## Available data

================================

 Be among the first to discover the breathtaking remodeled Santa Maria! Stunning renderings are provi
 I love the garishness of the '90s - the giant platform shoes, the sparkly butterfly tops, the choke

================================

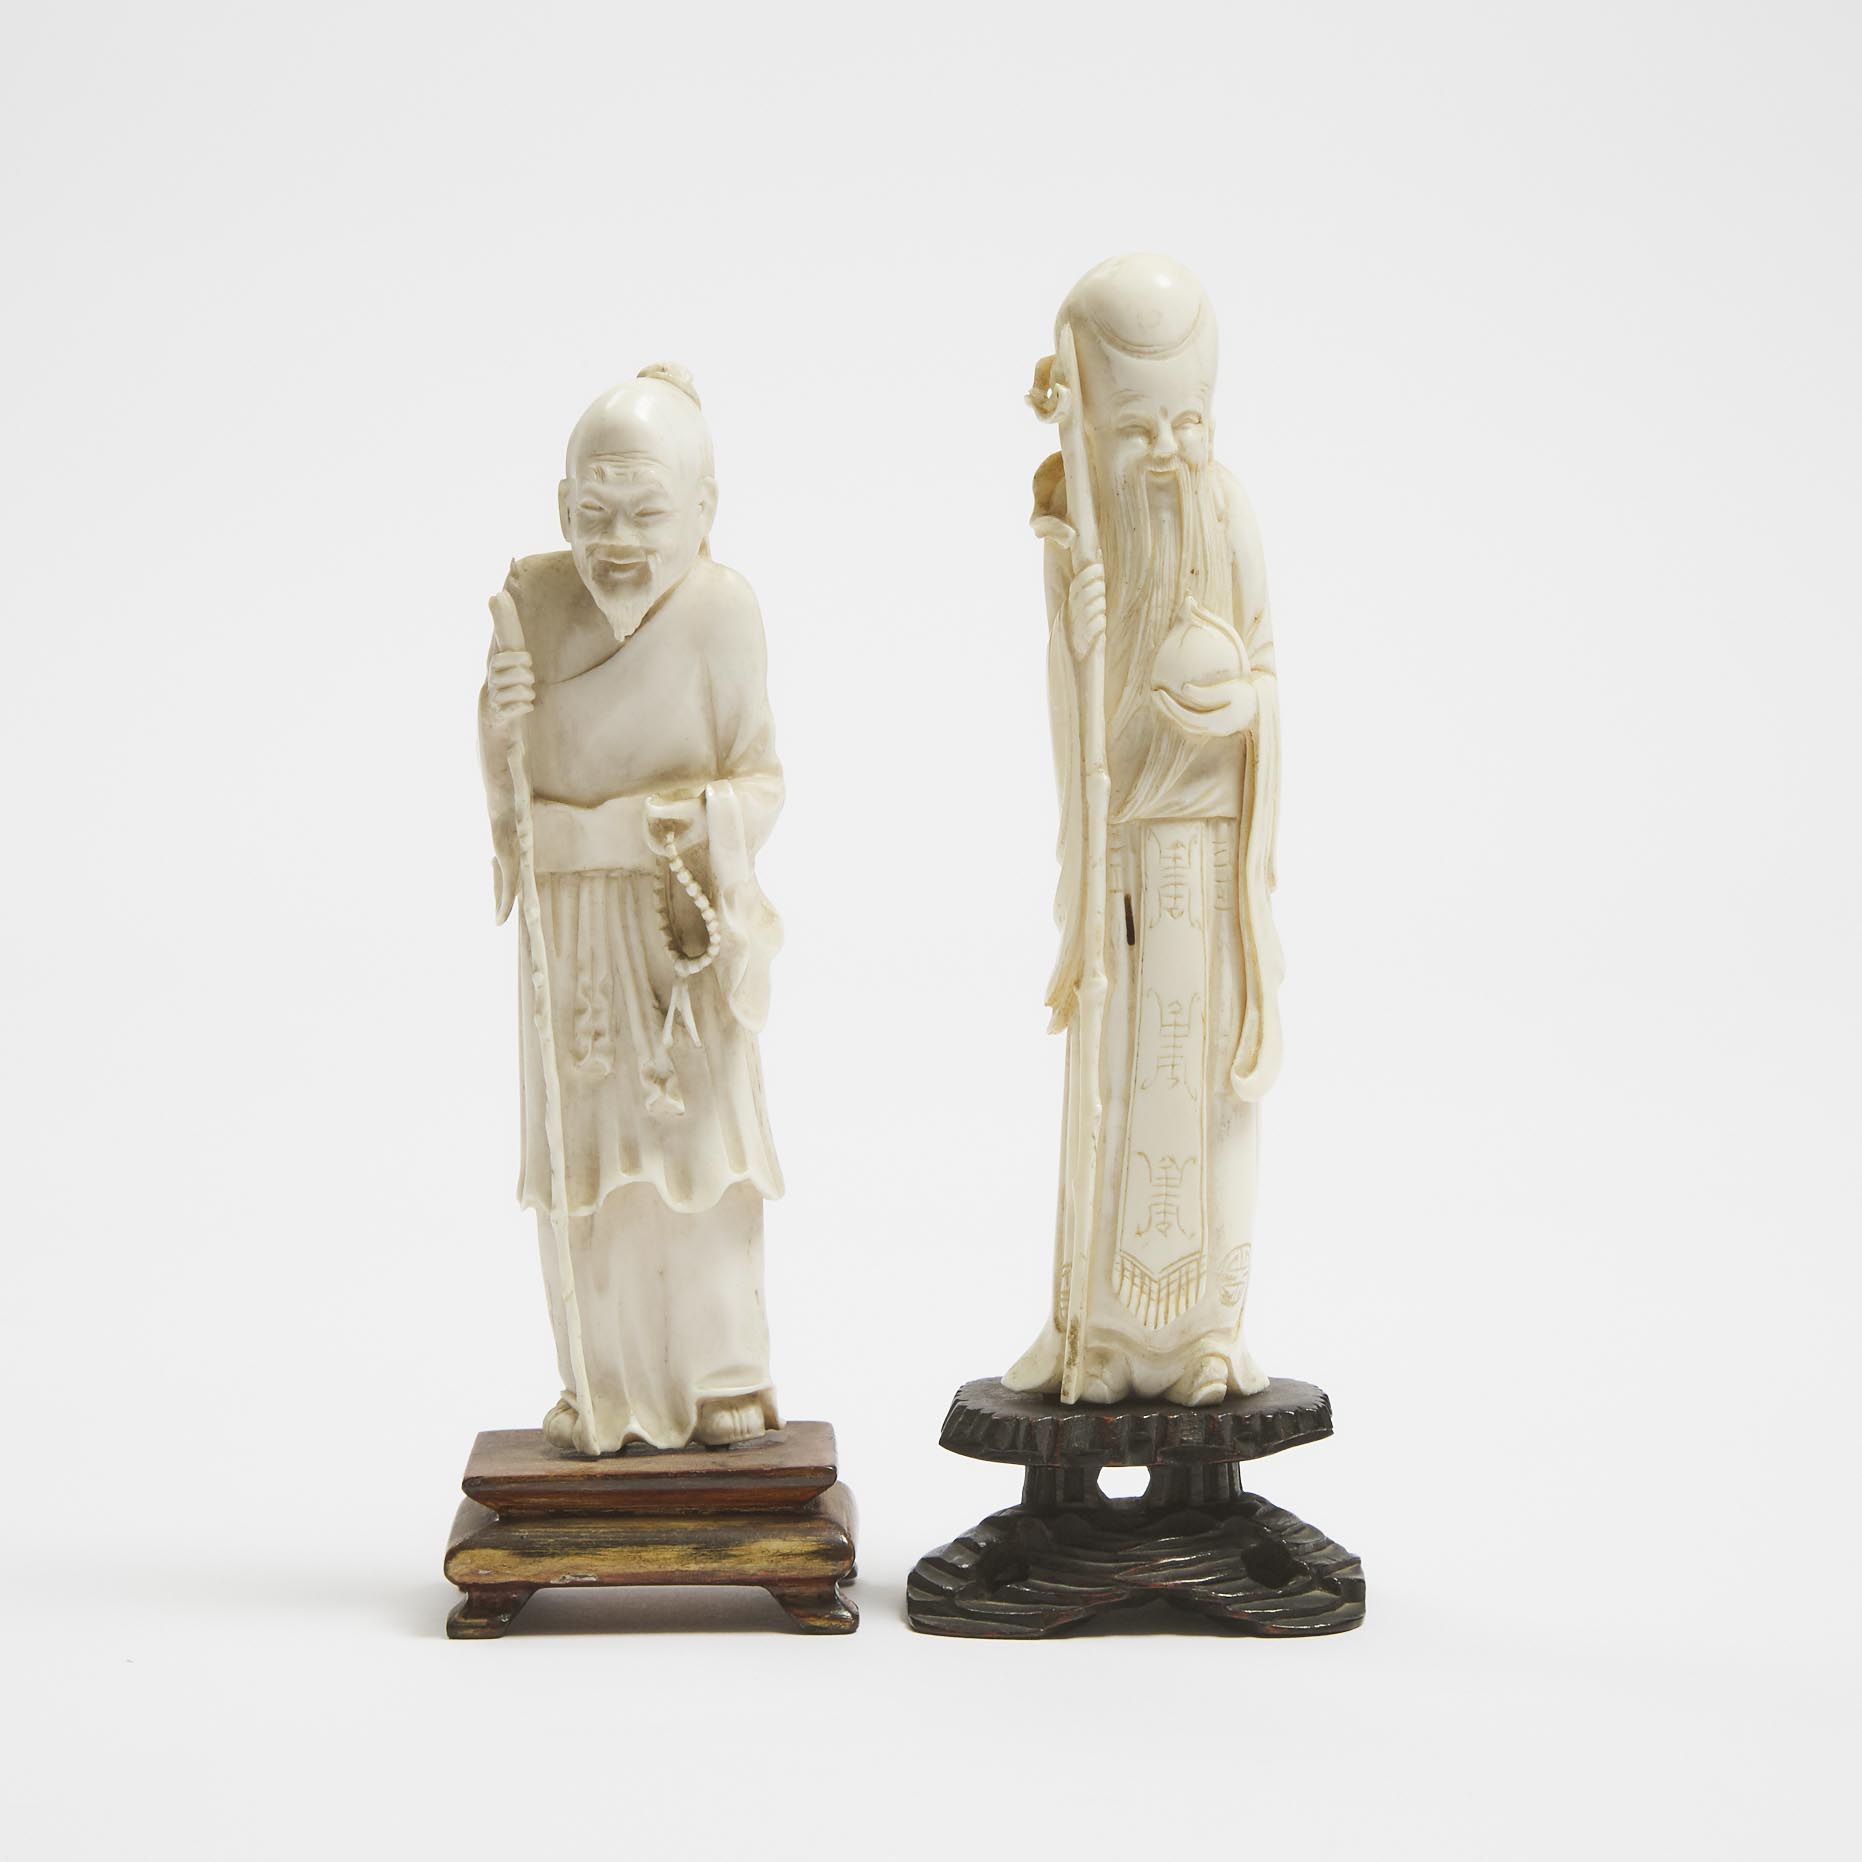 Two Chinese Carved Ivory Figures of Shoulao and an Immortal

================================

## What the task asks
Reproduce the lines of the entries above from the one with "Be among the" to the one with "I love the garishness", both included, exactly and without any other line.

## Answer box
 Be among the first to discover the breathtaking remodeled Santa Maria! Stunning renderings are provi
 I love the garishness of the '90s - the giant platform shoes, the sparkly butterfly tops, the choke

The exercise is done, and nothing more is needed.